核心思想
根据队列排队延时进行端口选择,从而解决packet spraying的乱序问题。
Motivation
这篇论文是对paclet-level load balancing的工作的重要改进,解决其最明显的乱序问题。亮点
:在motivation部分通过实验对已有packet-level,flow-level,flowlet-level的缺点进行了直观展示。
-
Out-of-order problems in RPS
50 flows (from 50KB to 200KB) in heavy-tailed distribution. The percent of reordered packets is about 30% on average, while the packet loss rate is almost zero. The reason is that, even when the traffic load is not high, RPS randomly spreads the packets of each flow to all paths, unavoidably resulting in out-of-order problem.
-
Low link utilization in ECMP and LetFlow
只有RPS能实现所有链路的最高链路利用率(如果没有乱序问题)。
Design
核心算法有两个, 一个是同一个流的包根据queue delay选择端口避免乱序, 一个是对于大流reroute
-
Packet Reorder Resolution
思路比较直观:每个流的第一个包,选择队列长度最小的端口;后面到达的包,选择端口的时候确保排队时延要比它的上一个包的剩余排队时延要大。

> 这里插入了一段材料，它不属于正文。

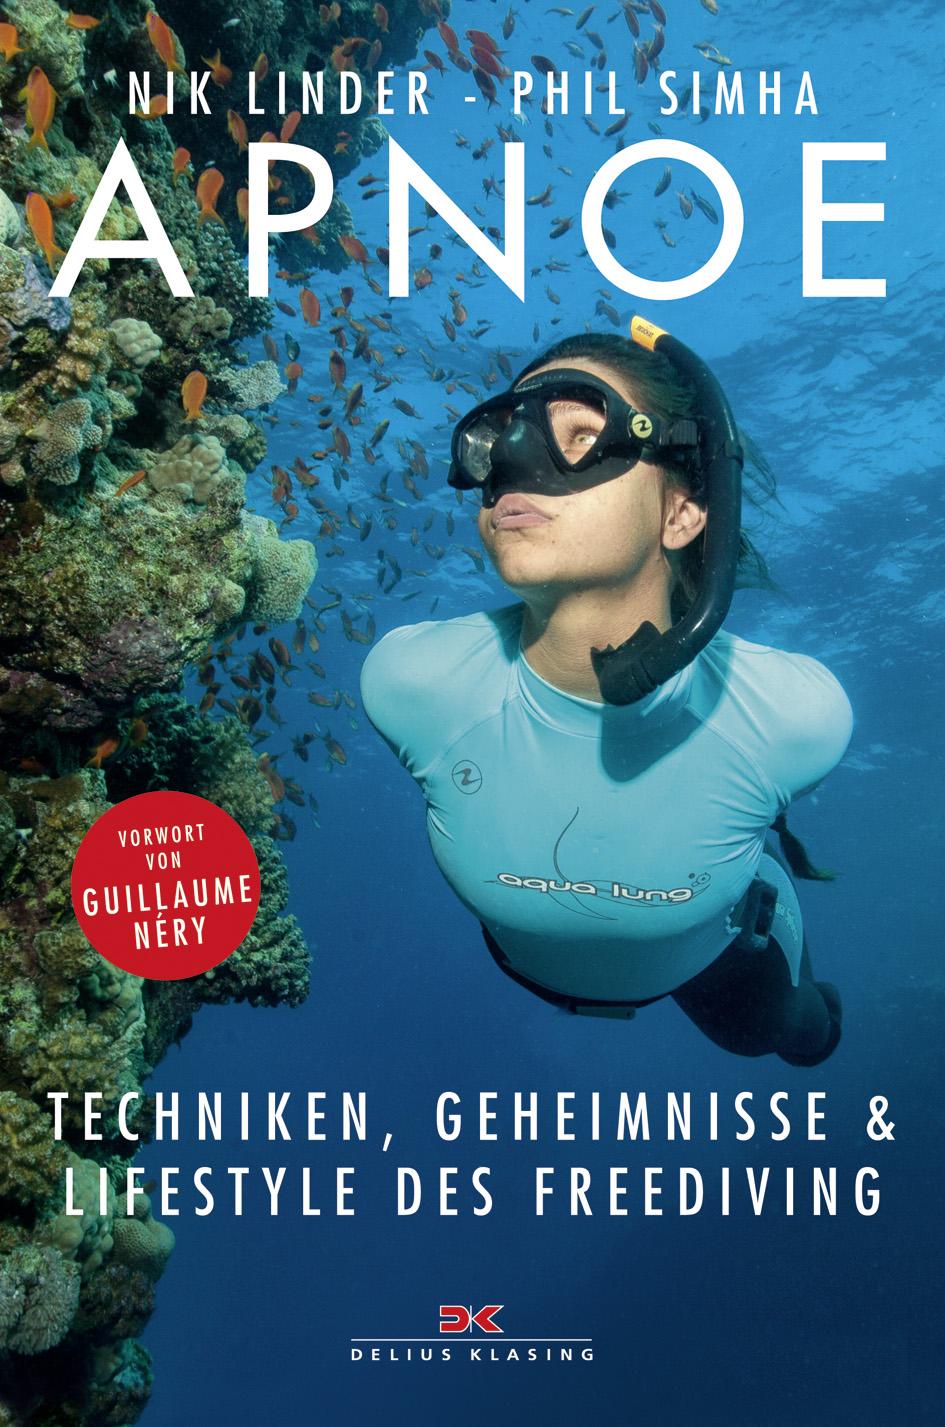 Apnoe - Lifestyle und Technik

When a packet $p_{i}$ in flow $f$ arrives at time $t_{i}$, the queueing delay $QD_{i}$ is calculated as
\[QD_{i} = \frac{M \times (l_{i} + 1)}{C}\]where $M$ is the packet size, $l_{i}$ is the queue length of $p_{i}$’s destined output port, and $C$ is the link bandwidth corresponding to the output port.

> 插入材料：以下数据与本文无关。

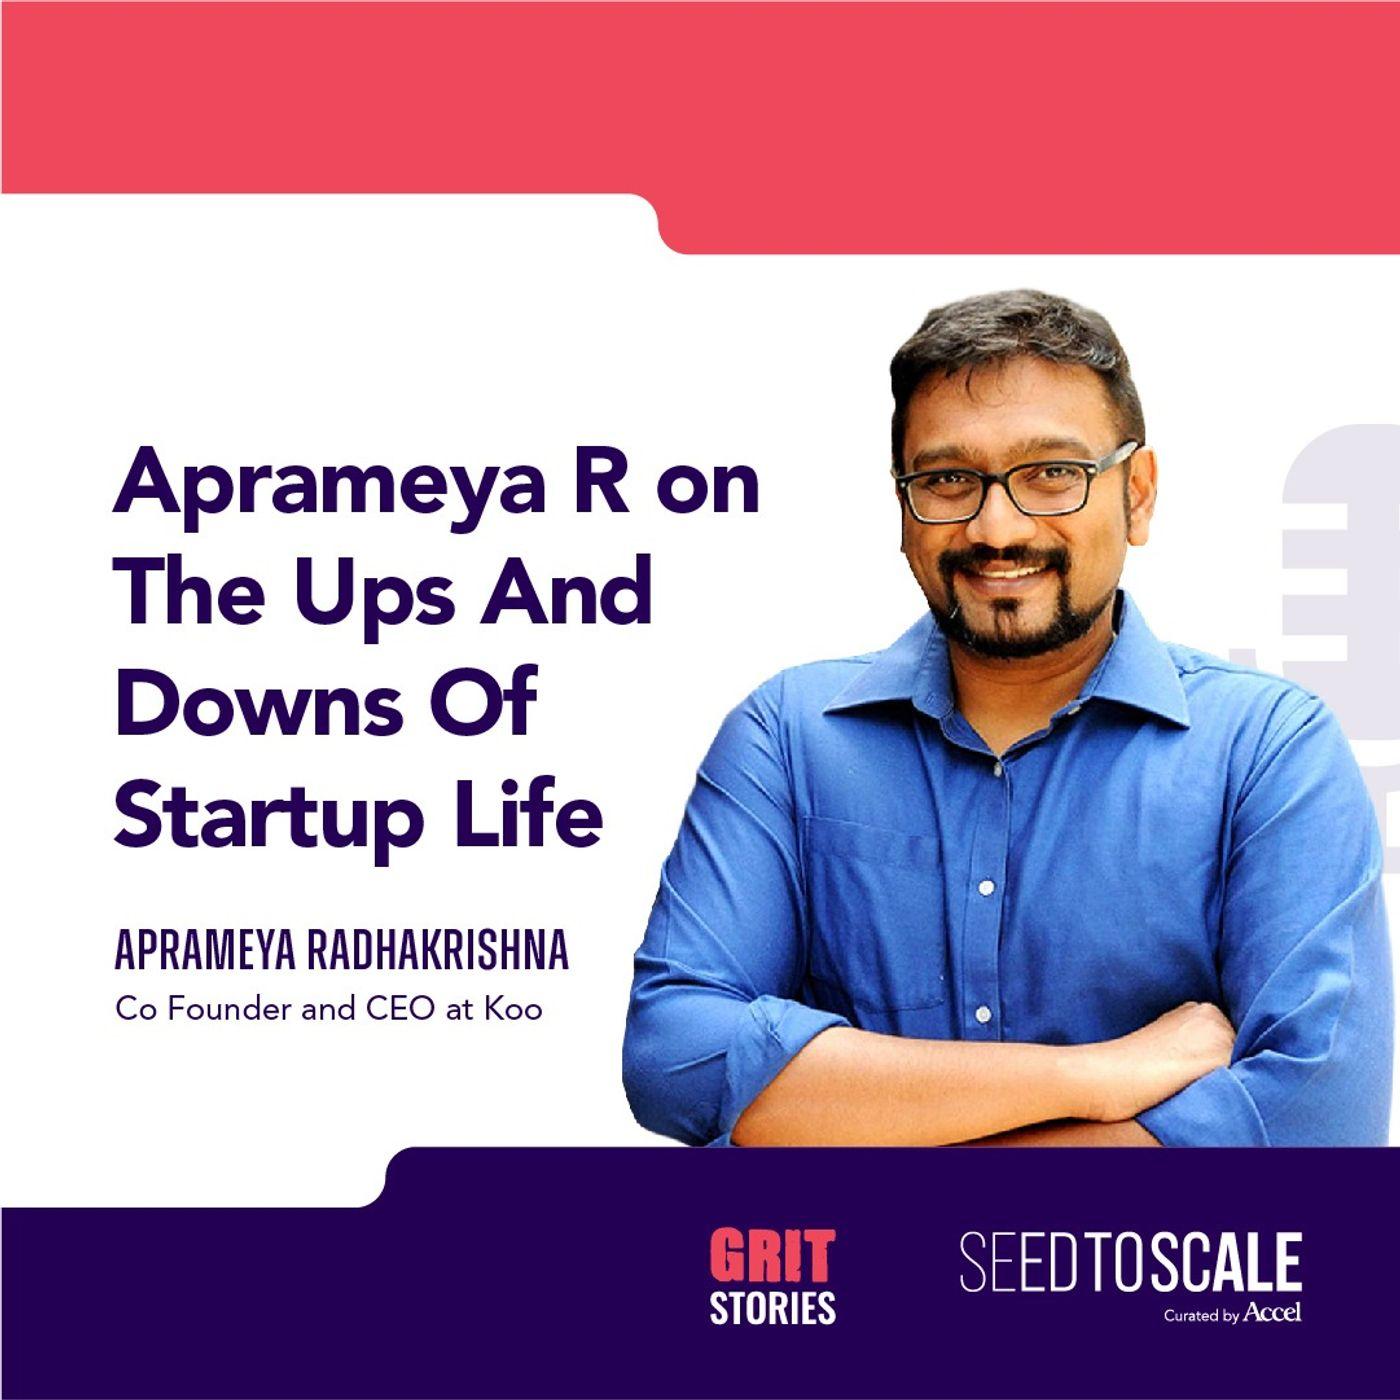 INSIGHTS #68: GRIT Stories | Aprameya Radhakrishna on the ups and downs of startup life

When the following packet $p_{i+1}$ in flow $f$ arrival at time $t_{i+1}$, the remaining queueing delay $RQD_{i}$ of $p_{i}$ is
\[RQD_{i} = QD_{i} + t_{i} − t_{i+1}\]Then chooses $d$ output ports with larger queueing delay than $RQD_{i}$, finds the one with the current minimum queue length between these $d$ ports.
-
Large Flow Rerouting
按照上述思路解决乱序的问题后,对于大流会带来一个问题:大流在buffer中包数目多,为保证新的包的queue delay比它上一个包剩余delay大,可能就只能排在上一个包后面,到了最后大流的所有包都挤在了一个(某几个)端口。因此论文当发现队列长度超过阈值$S$时,对流进行reroute。但是要在中间找一个
tradeoff
:降低reroute对乱序和rate reduction的影响。论文针对DCTCP进行了分析。对于DCTCP,队列长度维持在 $K$,则最大拥塞窗口为:
\[W_{1} = C \times RTT + K\]When the congestion window grows from $\frac{W_{1}}{2}$ to $W_{1}$, it takes $\frac{W_{1}}{2}$ RTTs. During each round, the average congestion window and queueing delay are $\frac{3W_{1}}{4}$ and $\frac{K}{C}$ , respectively. Then we get the average sending rate $r_{1}$ as:
\[r_{1} = \frac{\frac{3W_{1}}{4}}{RTT+ \frac{K}{C}}\]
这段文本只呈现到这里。